Underground hydrogen storage (UHS) is a promising approach for large scale, long duration energy storage, but limited information exists on how hydrogen interacts with subsurface rocks and fluids. This study examines hydrogen, brine, and rock interactions under conditions representative of potential storage sites in Louisiana. Batch experiments were performed using sandstone and shale samples, synthetic formation brine, and mixed hydrogen and nitrogen gas at ambient and elevated temperatures (70 °C). Nitrogen was used as a control to distinguish hydrogen related effects. Chemical and mineralogical analyses of the fluid and solid phases were conducted using ICP-OES, TGA, and gas composition monitoring.

Results indicate that rock type and mineral composition play a dominant role in hydrogen reactivity. Sandstone, composed mainly of quartz, showed little chemical or mineral alteration, suggesting geochemical stability under the tested conditions. Shale, in contrast, exhibited increases in dissolved iron, manganese, and sulfur, indicating minor reduction and dissolution of Fe(III) minerals such as chlorite or hematite, as well as slight carbonate loss and formation of amorphous material. These patterns suggest that shale can act as a weakly reactive barrier where limited redox and hydrogen uptake processes occur.
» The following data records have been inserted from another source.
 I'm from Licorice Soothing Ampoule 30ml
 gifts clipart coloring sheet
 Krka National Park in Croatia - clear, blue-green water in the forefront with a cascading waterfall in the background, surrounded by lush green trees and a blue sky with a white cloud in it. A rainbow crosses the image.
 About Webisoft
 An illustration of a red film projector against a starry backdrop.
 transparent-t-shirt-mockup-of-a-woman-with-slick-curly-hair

Overall, hydrogen and rock reactions were slow and mild under low temperature and near atmospheric conditions. The results demonstrate that mineralogy, particularly the amount of iron and carbonate minerals, exerts greater control on reactivity than temperature. This work provides experimental data that support geochemical risk assessment and enhance understanding of hydrogen stability, retention, and migration within potential geological storage formations.

Date

11-2-2025

Committee Chair

Gupta, Ipsita

Additional Files
Ruoqin Pei Exam and Thesis forms.pdf (282 kB)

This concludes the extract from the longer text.